The last three words were the customary reassurance that a sighted ship was not possibly a berserker’s giant hull. Such Flamland outlaws as were left possessed no deep space ships, so Holt had no reason to be cautious.
He went back to the bridge and looked at the small shape on the detector screen. It was unfamiliar to him, but that was hardly surprising, as there were many shipyards orbiting many planets. Why, though, should any ship approach and hail him in deep space?
Plague?
“No, no plague,” answered a radio voice, through bursts of static, when he put the question to the stranger. The video signal from the other ship was also jumpy, making it hard to see the speaker’s face. “Caught a speck of dust on my last jump, and my fields are shaky. Will you take a few passengers aboard?”

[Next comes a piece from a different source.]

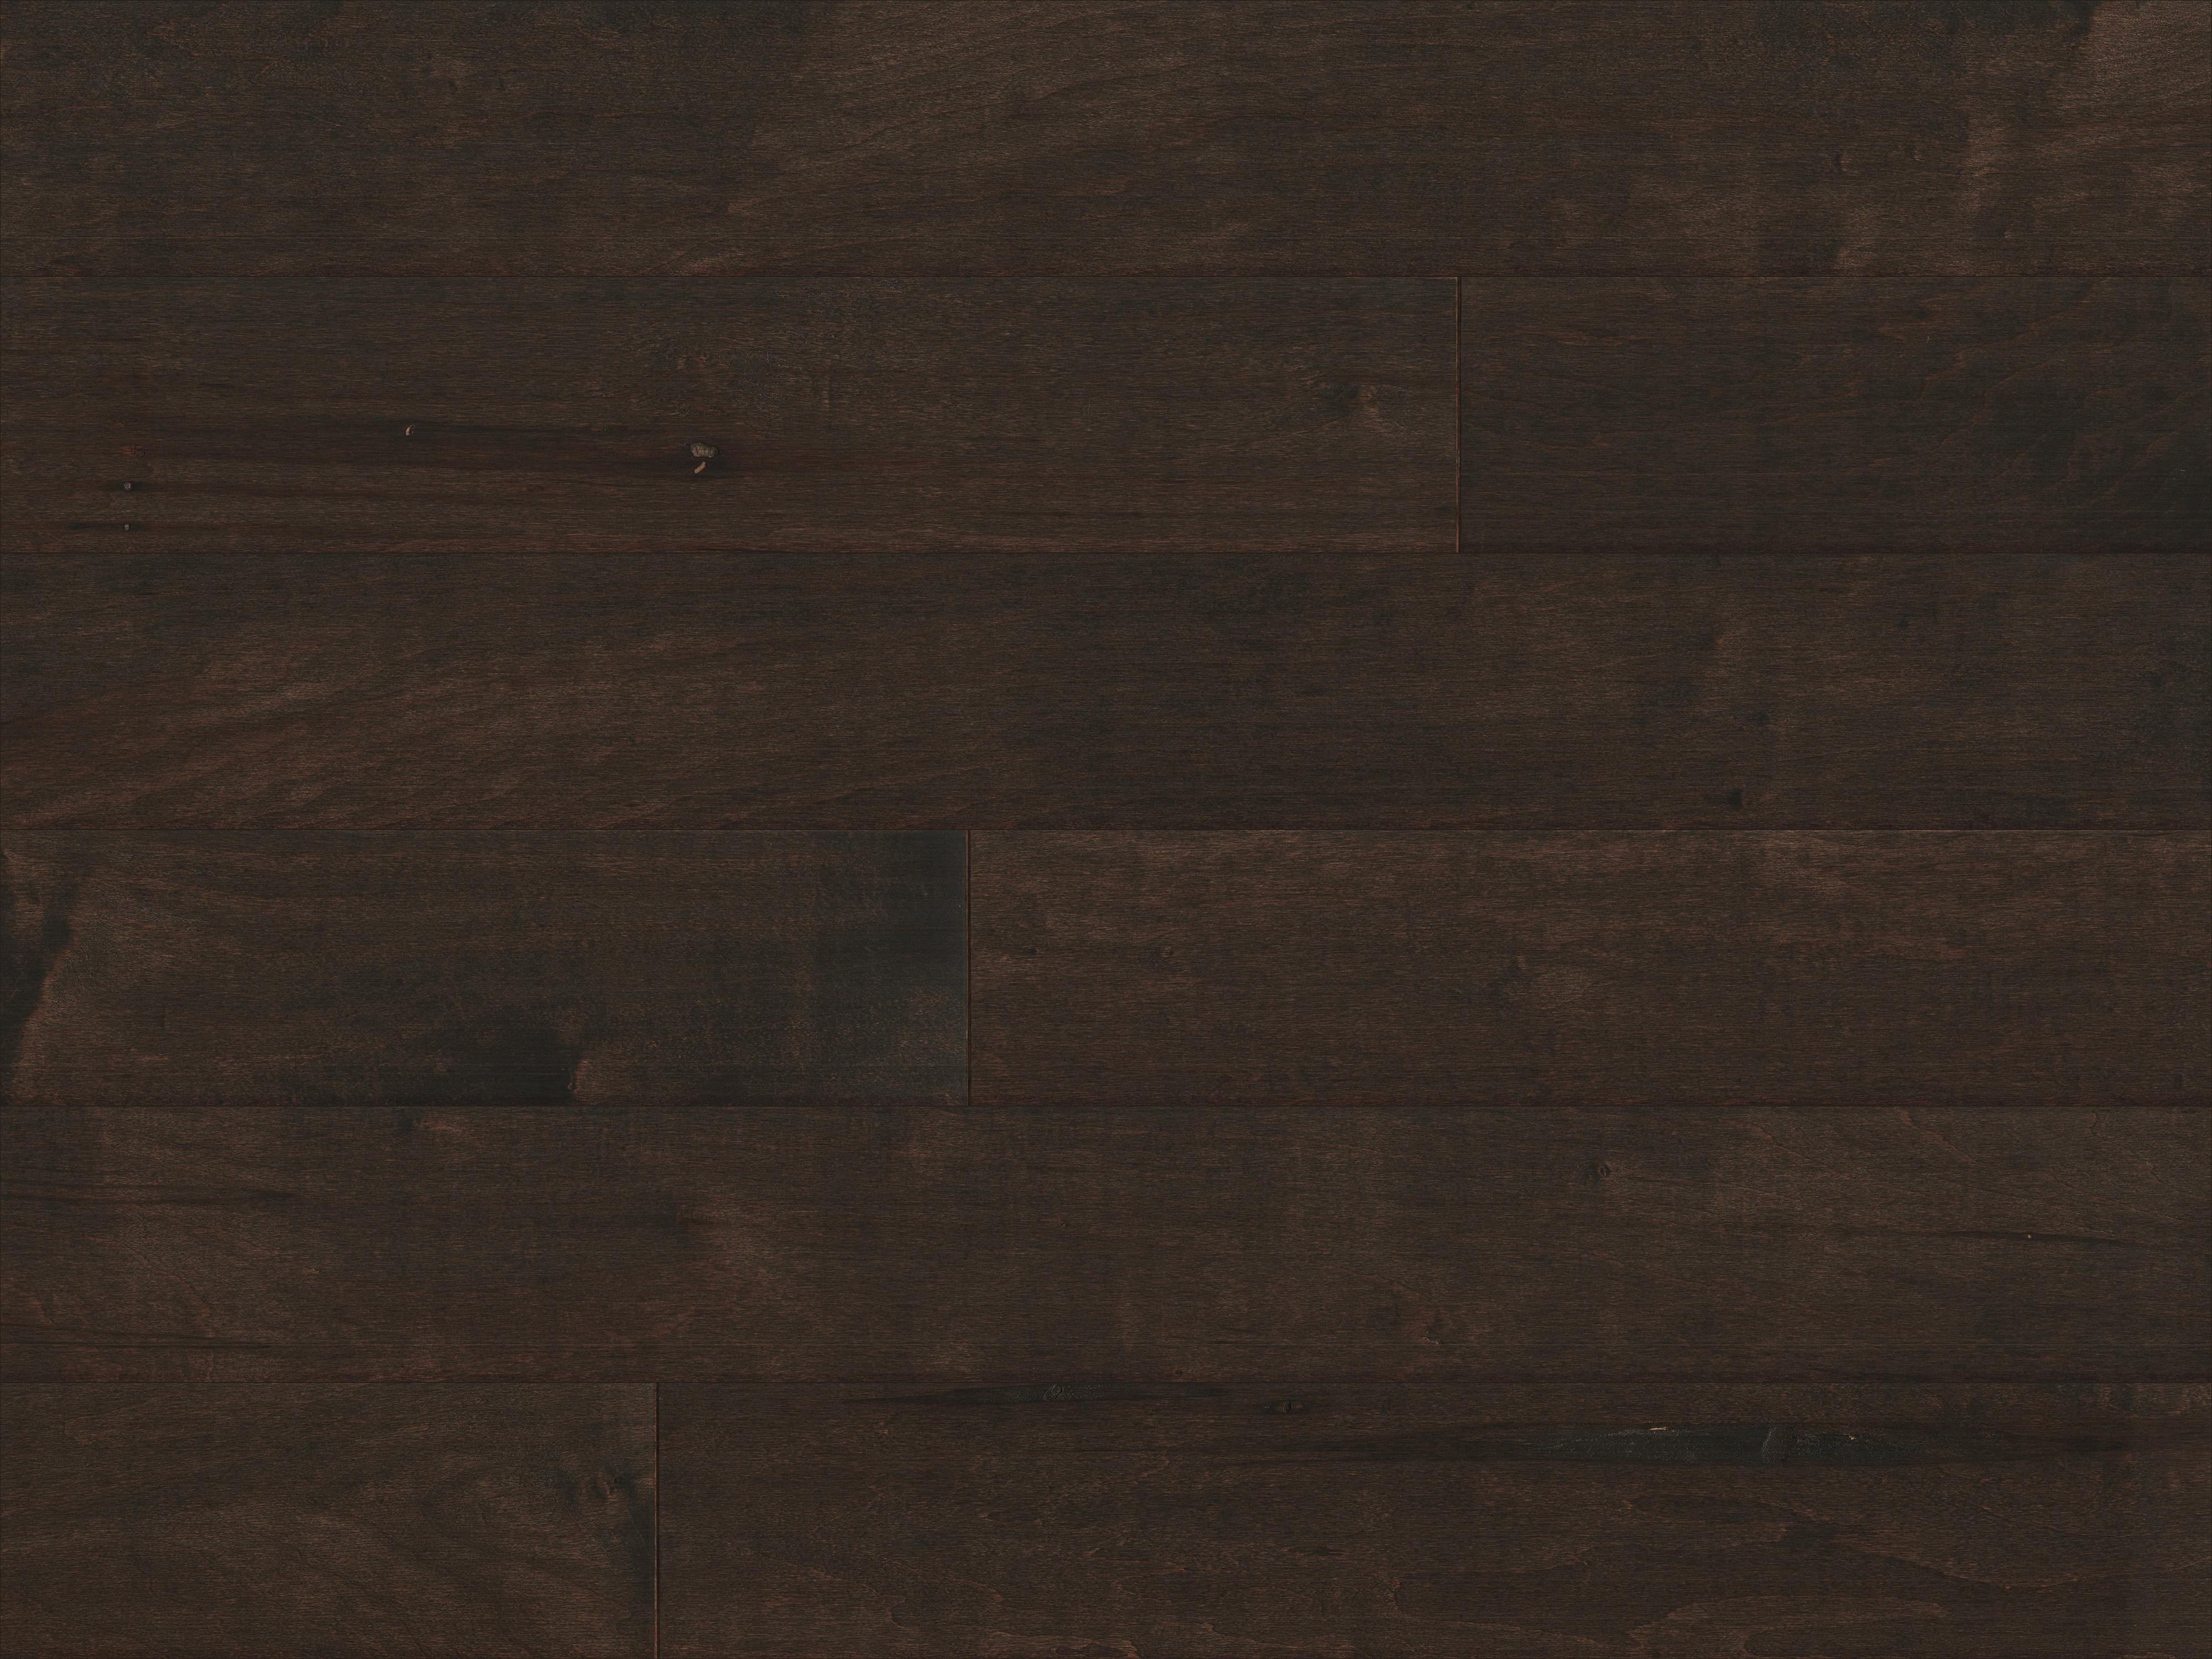 2 1 4 engineered hardwood flooring of mullican ridgecrest maple cappuccino 1 2 thick 5 wide engineered with regard to mullican ridgecrest maple cappuccino 1 2 thick 5 wide engineered hardwood flooring

“Certainly.” For a ship on the brink of a C-plus jump to collide with the gravitational field of a sizable dust-speck was a rare accident, but not unheard of. And it would explain the noisy communications. There was still nothing to alarm Holt.
The stranger sent over a launch which clamped to the courier’s airlock. Wearing a smile of welcome for distressed passengers, Holt opened the lock. In the next moment he and the half-dozen men who made up his crew were caught helpless by an inrush of metal—a berserker’s boarding party, cold and merciless as nightmare.
The machine seized the courier so swiftly and efficiently that no one could offer real resistance, but they did not immediately kill any of the humans. They tore the drive units from one of the lifeboats and herded Holt and his crew and his erstwhile prisoners into the boat.